Instructions for the task: Only the lines below from the one containing "JOIN US AT THE VANCOUVER BOAT SHOW" through the one containing "Icicle Ball Ornament" belong in the answer, repeated exactly and without pictures.

The data:
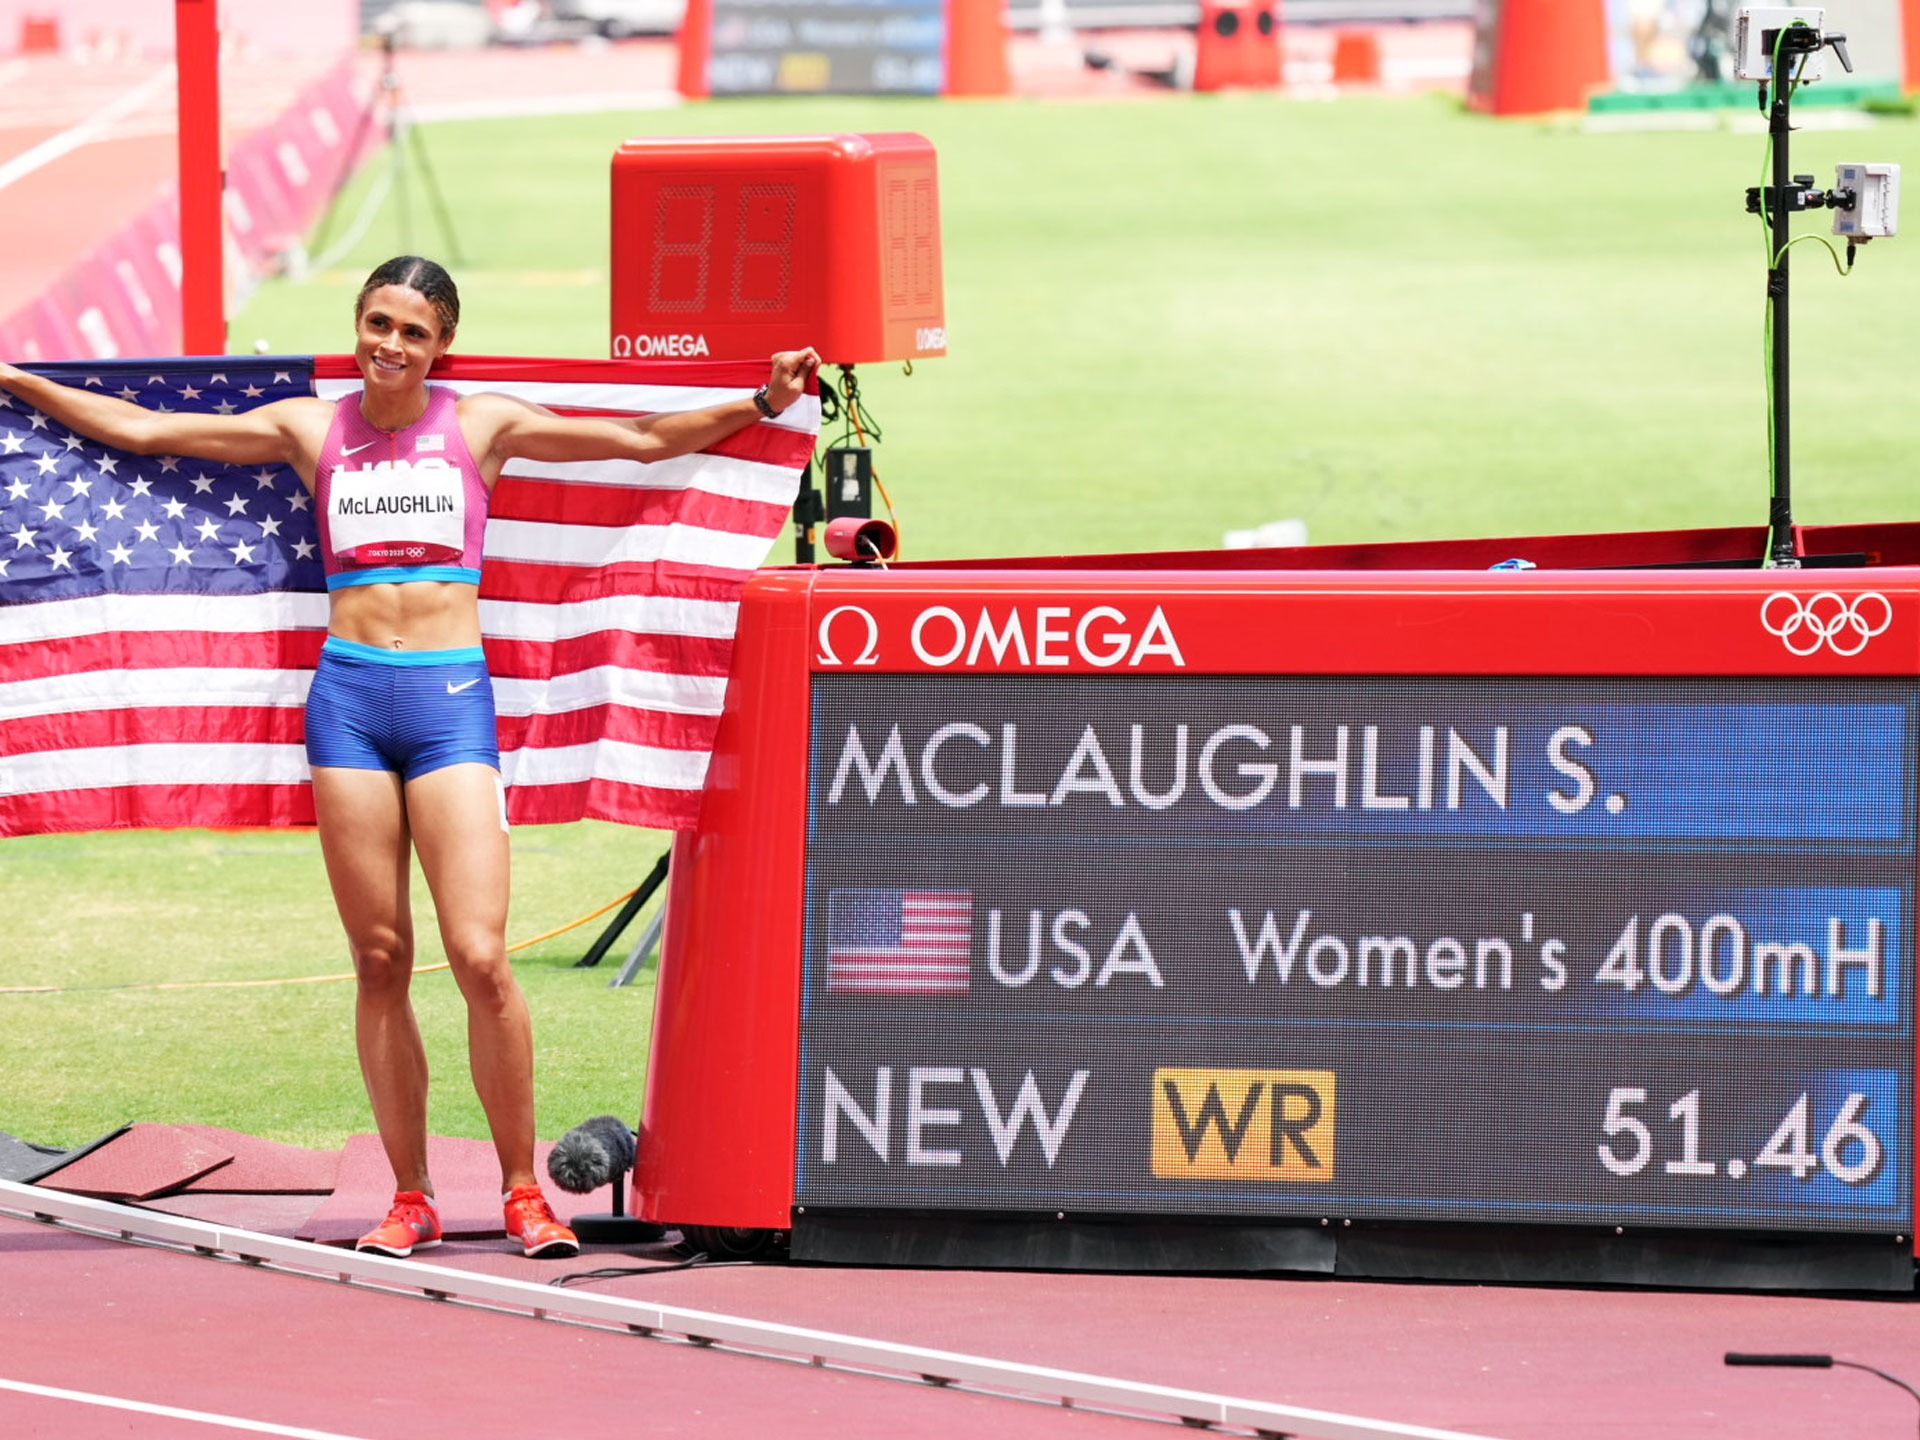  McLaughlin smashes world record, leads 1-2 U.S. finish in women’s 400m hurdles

==

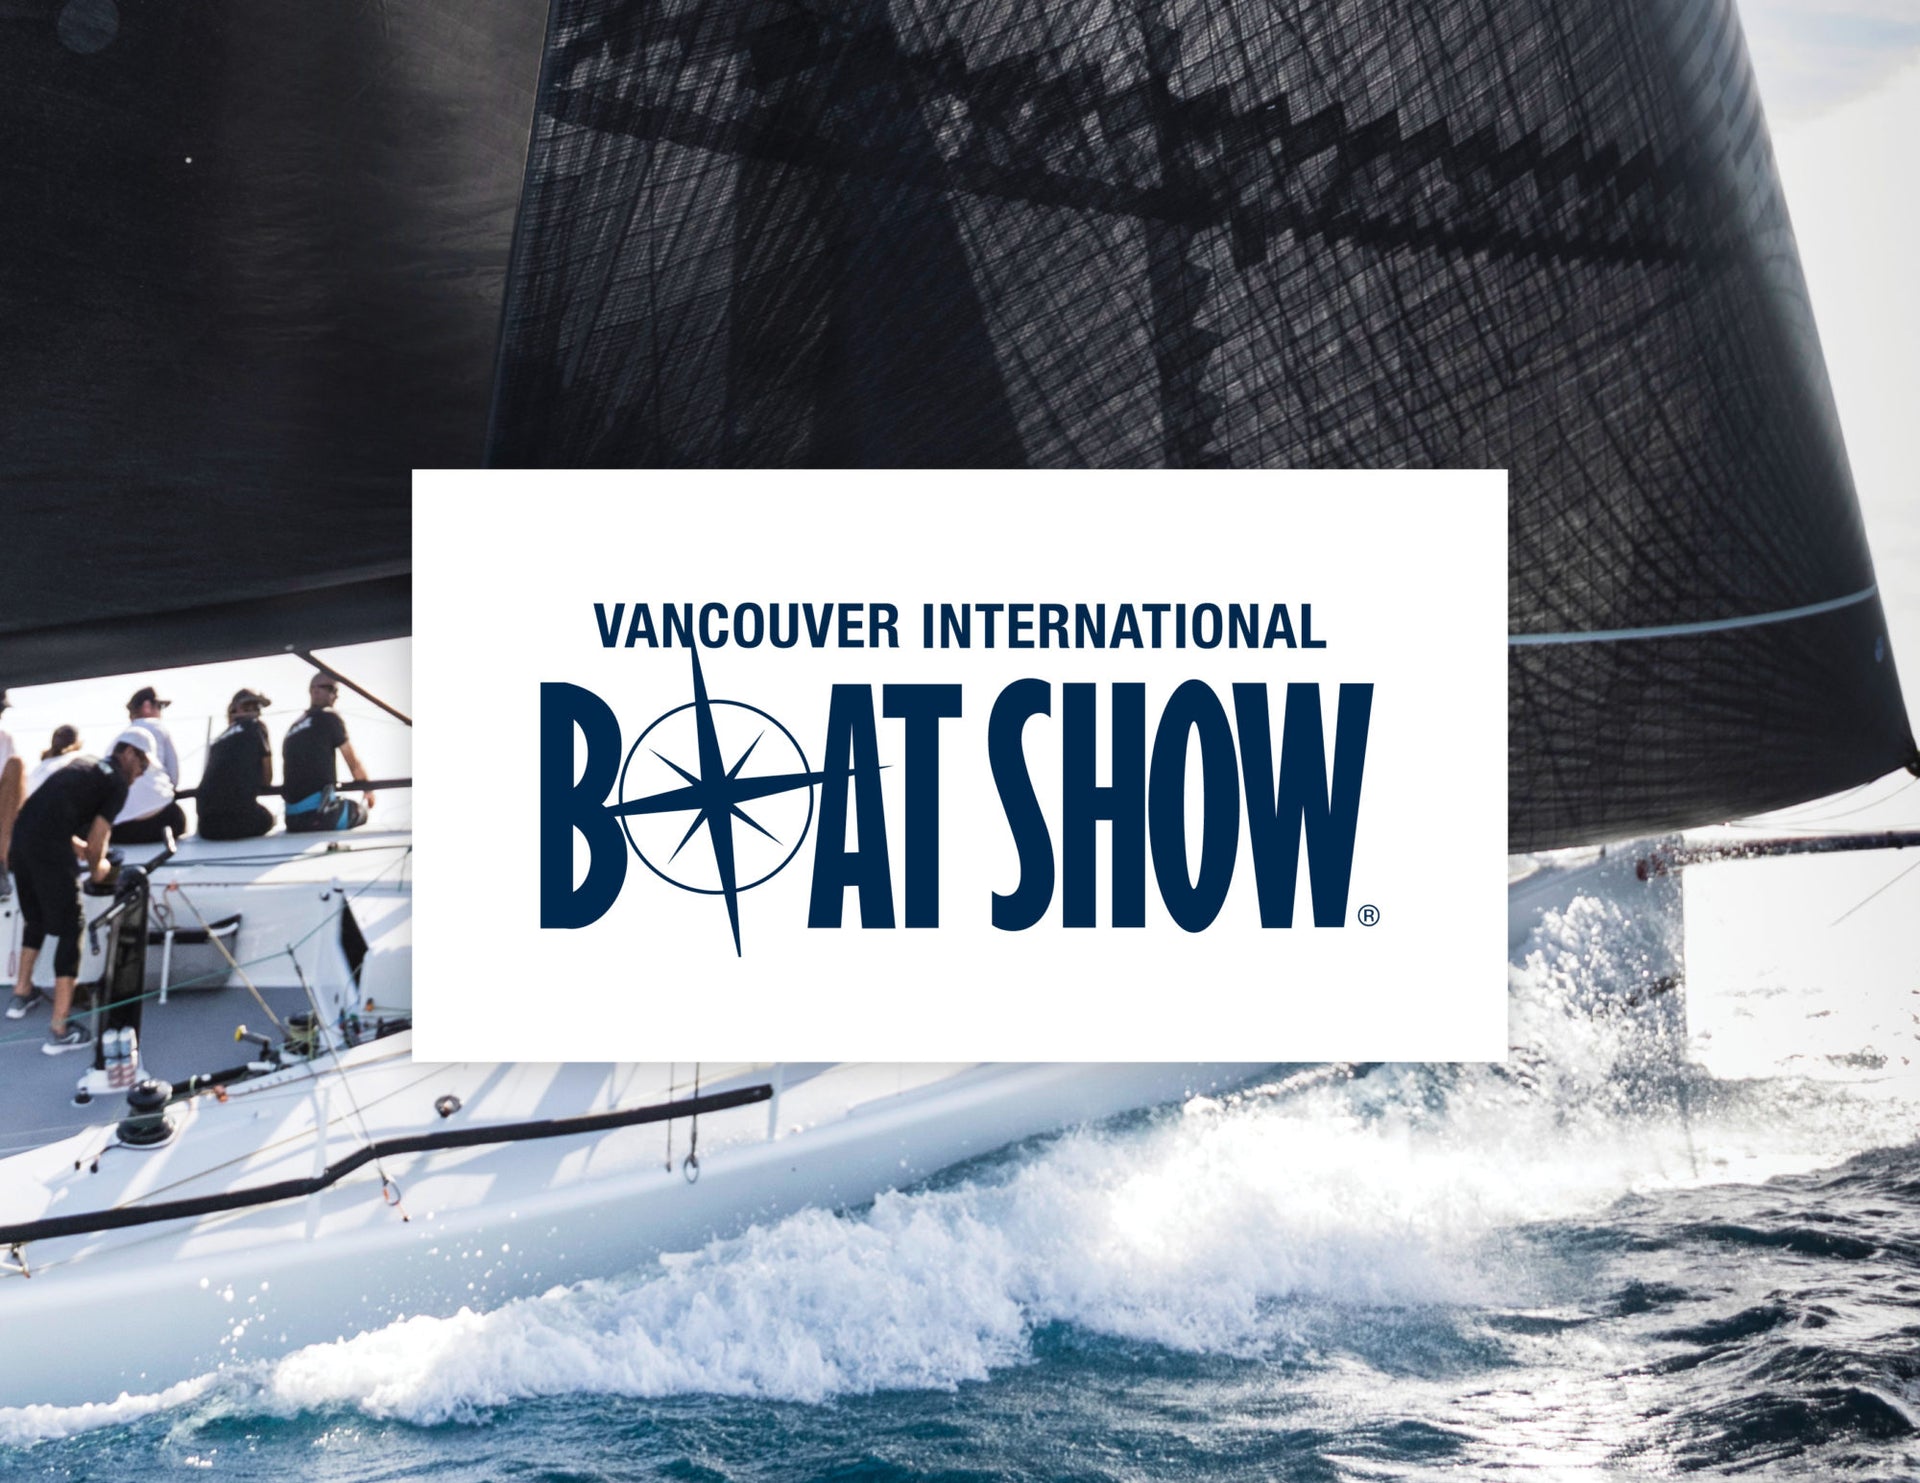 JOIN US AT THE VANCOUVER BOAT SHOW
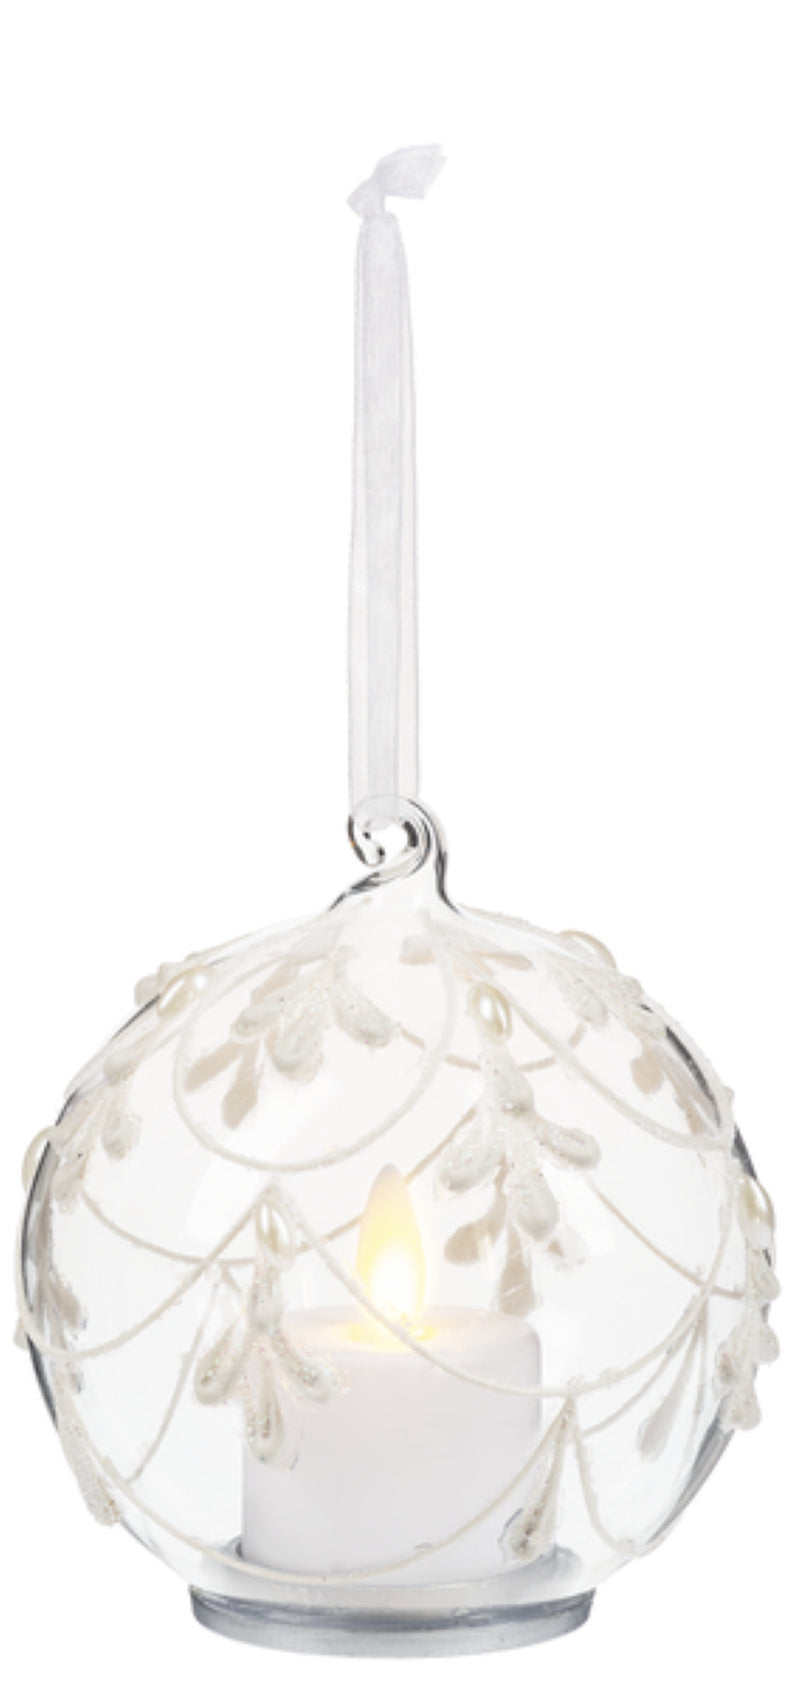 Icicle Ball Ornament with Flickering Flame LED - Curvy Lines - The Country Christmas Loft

Response:
 JOIN US AT THE VANCOUVER BOAT SHOW
 Icicle Ball Ornament with Flickering Flame LED - Curvy Lines - The Country Christmas Loft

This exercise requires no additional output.